Amelia and Octavia were in the middle of a discussion, but neither of them looked as angry or upset as I'd feared.
"I hate to intrude," I said as both pairs of eyes turned to me. Octavia's eyes were brown, Amelia's bright blue, but at the moment they were eerily alike in expression.
"Yes?" Octavia was clearly queen of the situation.
Any witch worth her salt would know about Weres. I condensed the issues of the Were war down to a few sentences, told them about the attack the night before on the interstate, and explained Amanda's request.
"Is this something you should get involved with, Amelia?" Octavia asked, her voice making it quite clear there was only one answer she should give.
"Oh, I think so," Amelia said. She smiled. "Can't have someone shooting at my roomie. I'll help Amanda."
Octavia couldn't have been more shocked if Amelia had spat a watermelon seed on her pants. "Amelia! You're trying things beyond your ability! This will lead to terrible trouble! Look what you've already done to poor Bob Jessup."
Oh, boy, I hadn't known Amelia that long, but I already knew that was a poor way to get her to comply with your wishes. If Amelia was proud of anything, it was her witchy ability. Challenging her expertise was a sure way to rattle her. On the other hand, Bob was a major fuckup.
"Can you change him back?" I asked the older witch.
Octavia looked at me sharply. "Of course," she said.
"Then why don't you do it, and we can go from there?" I said.
Octavia looked very startled, and I knew I shouldn't have gotten up in her face like that.

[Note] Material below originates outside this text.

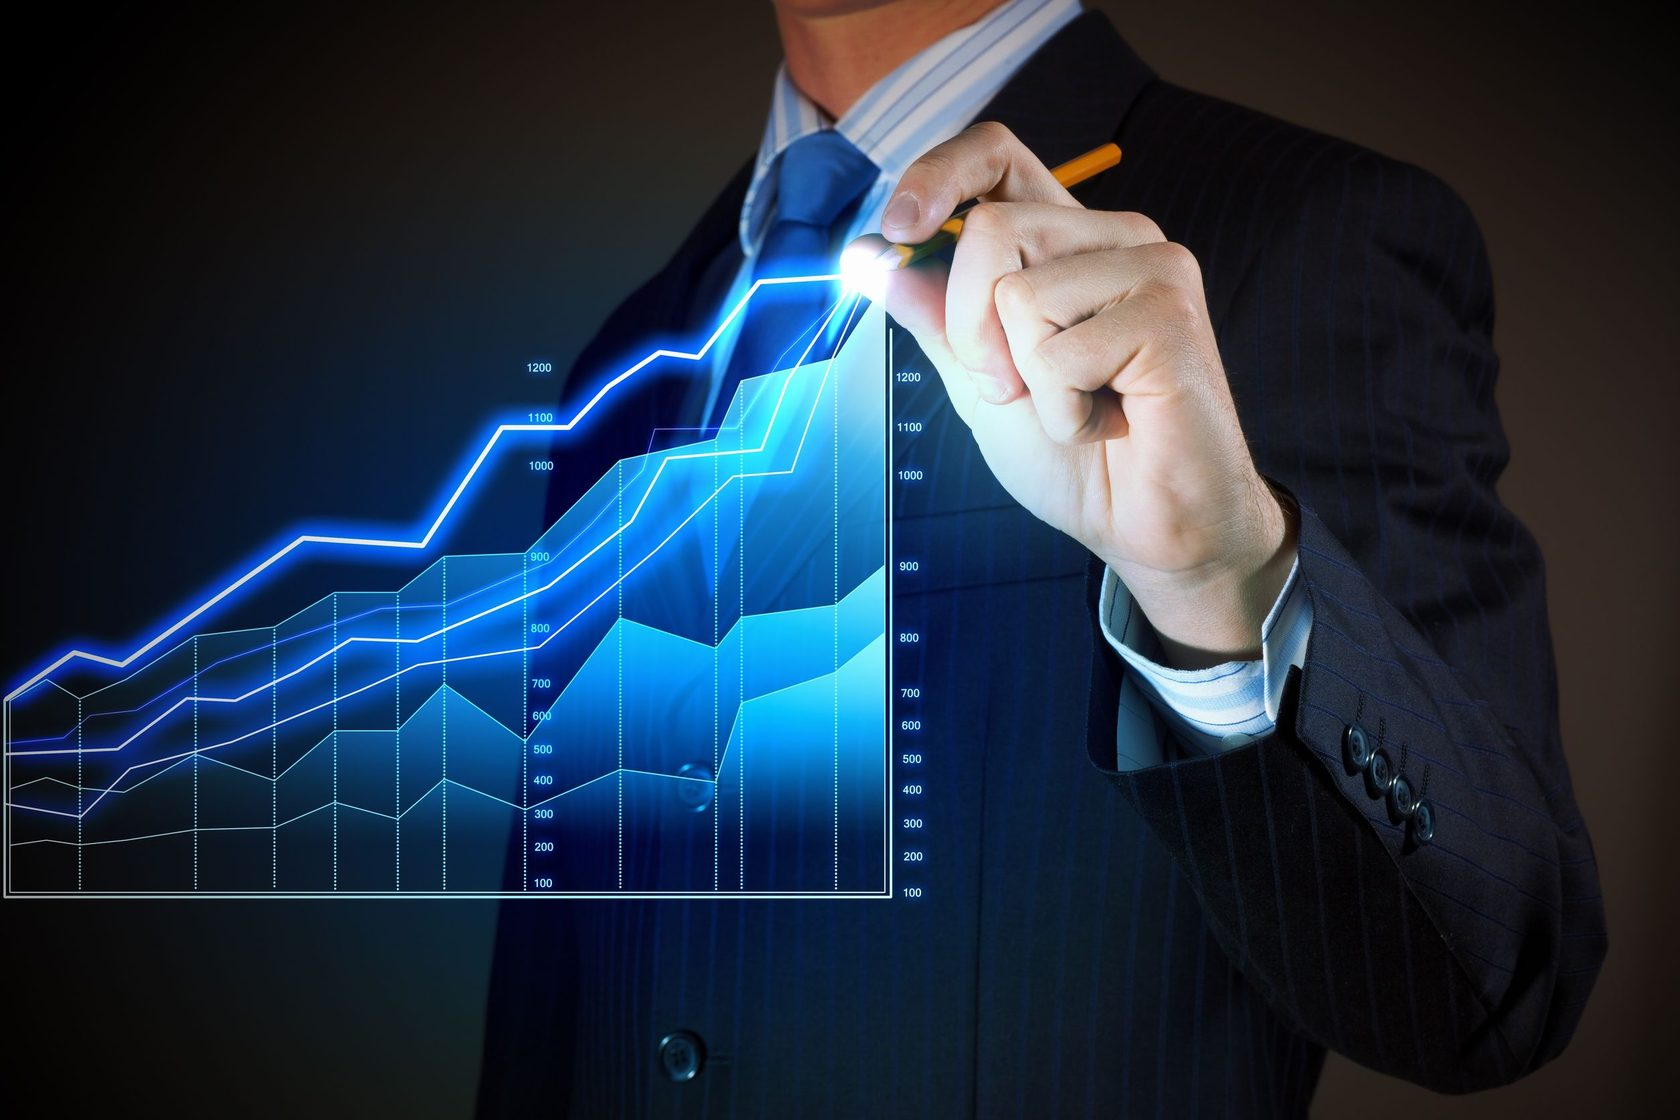 investing_oshibki1 Грамотность в инвестициях через интернет

On the other hand, if she wanted to show Amelia that her magic was more powerful, here was her chance. Bob the cat was sitting in Amelia's lap, looking unconcerned. Octavia reached in her pocket and pulled out a pill container filled with what looked like marijuana; but I guess any dried herb pretty much looks the same, and I haven't ever actually handled marijuana, so I'm no judge. Anyway, Octavia took a pinch of this dried green stuff and reached out to let the bits drop on the cat's fur. Bob didn't seem to mind.

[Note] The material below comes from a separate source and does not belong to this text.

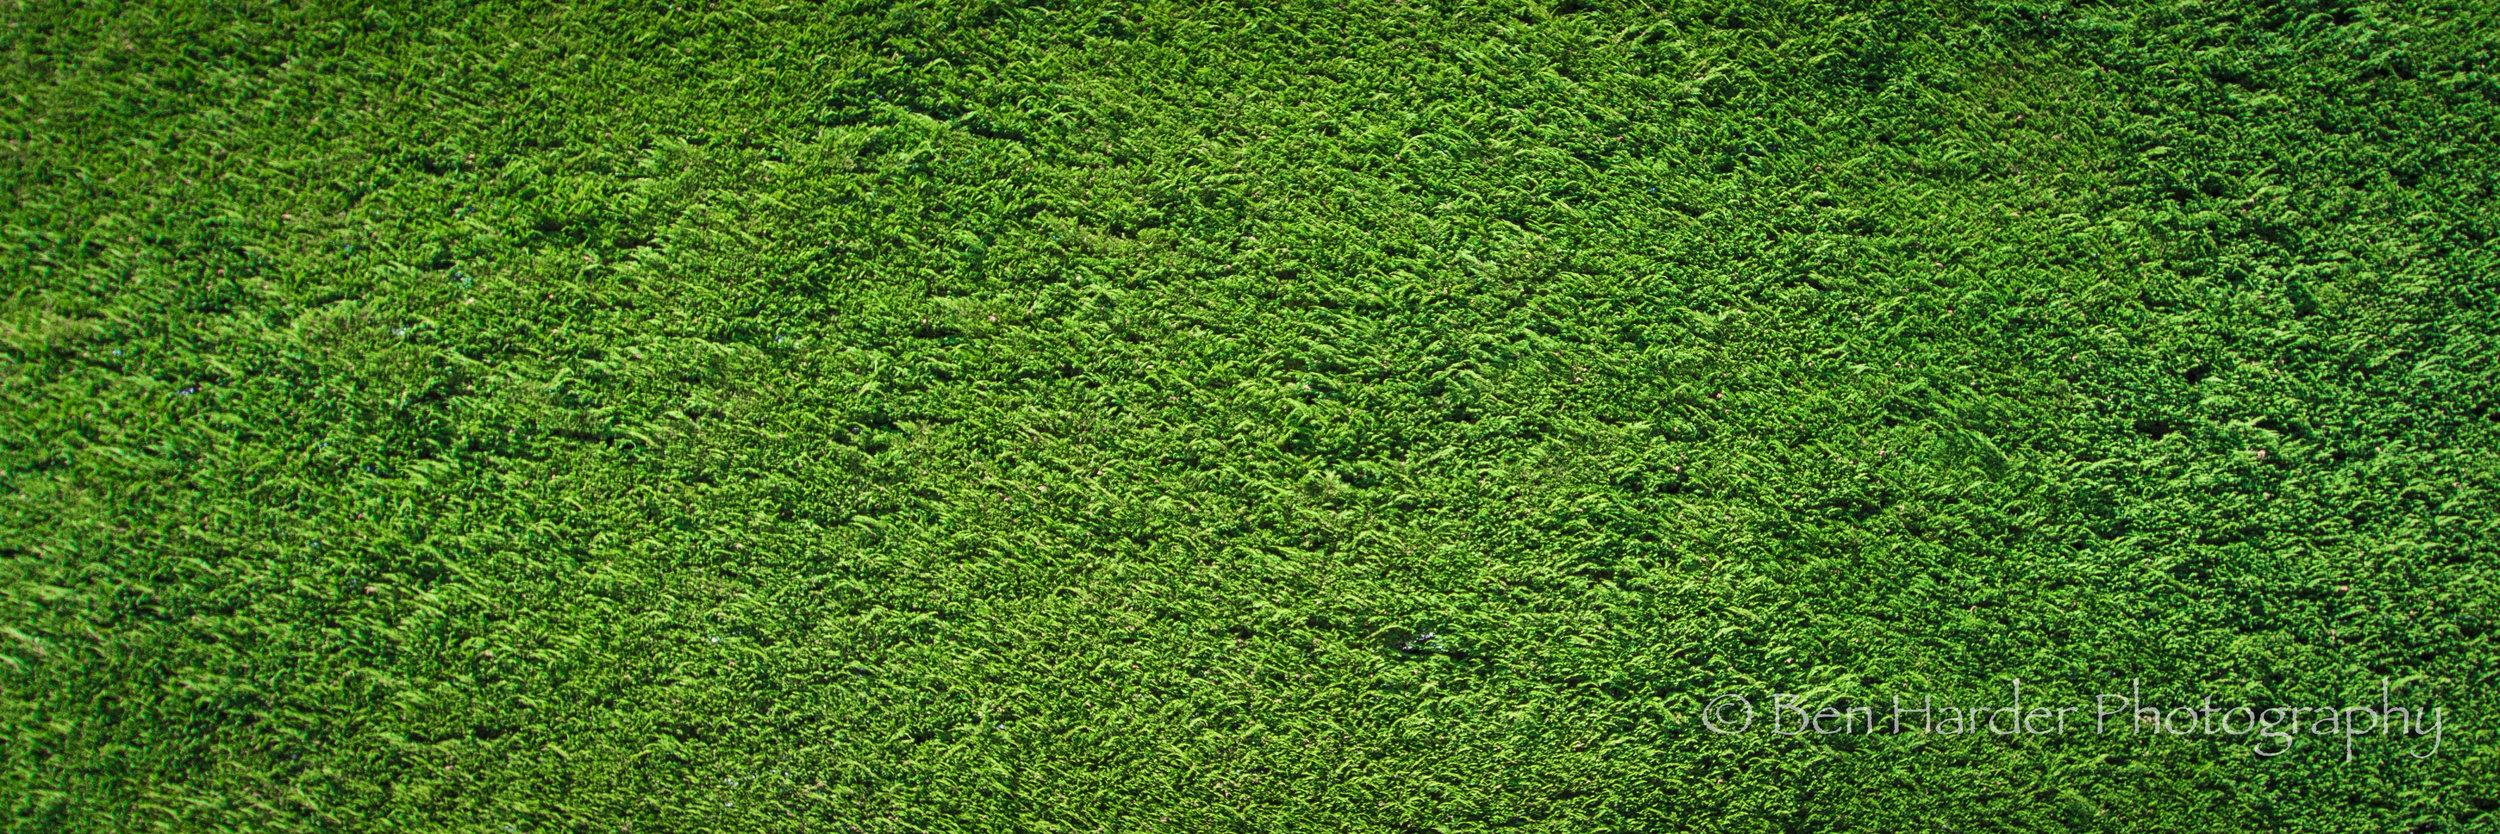 """Hedge"" - Buchart Gardens, BC, Canada"

Amelia's face was a picture as she watched Octavia casting a spell, which seemed to consist of some Latin, a few motions, and the aforementioned herb. Finally, Octavia uttered what must have been the esoteric equivalent of "Allakazam!" and pointed at the cat.
Nothing happened.
Octavia repeated the phrase even more forcefully. Again with the finger pointing.
And again with the no results.
"You know what I think?" I said. No one seemed to want to know, but it was my house. "I wonder if Bob was always a cat, and for some reason he was temporarily human. That's why you can't change him back. Maybe he's in his true form right now."
"That's ridiculous," the older witch snapped. She was some kind of put out at her failure. Amelia was trying hard to suppress a grin.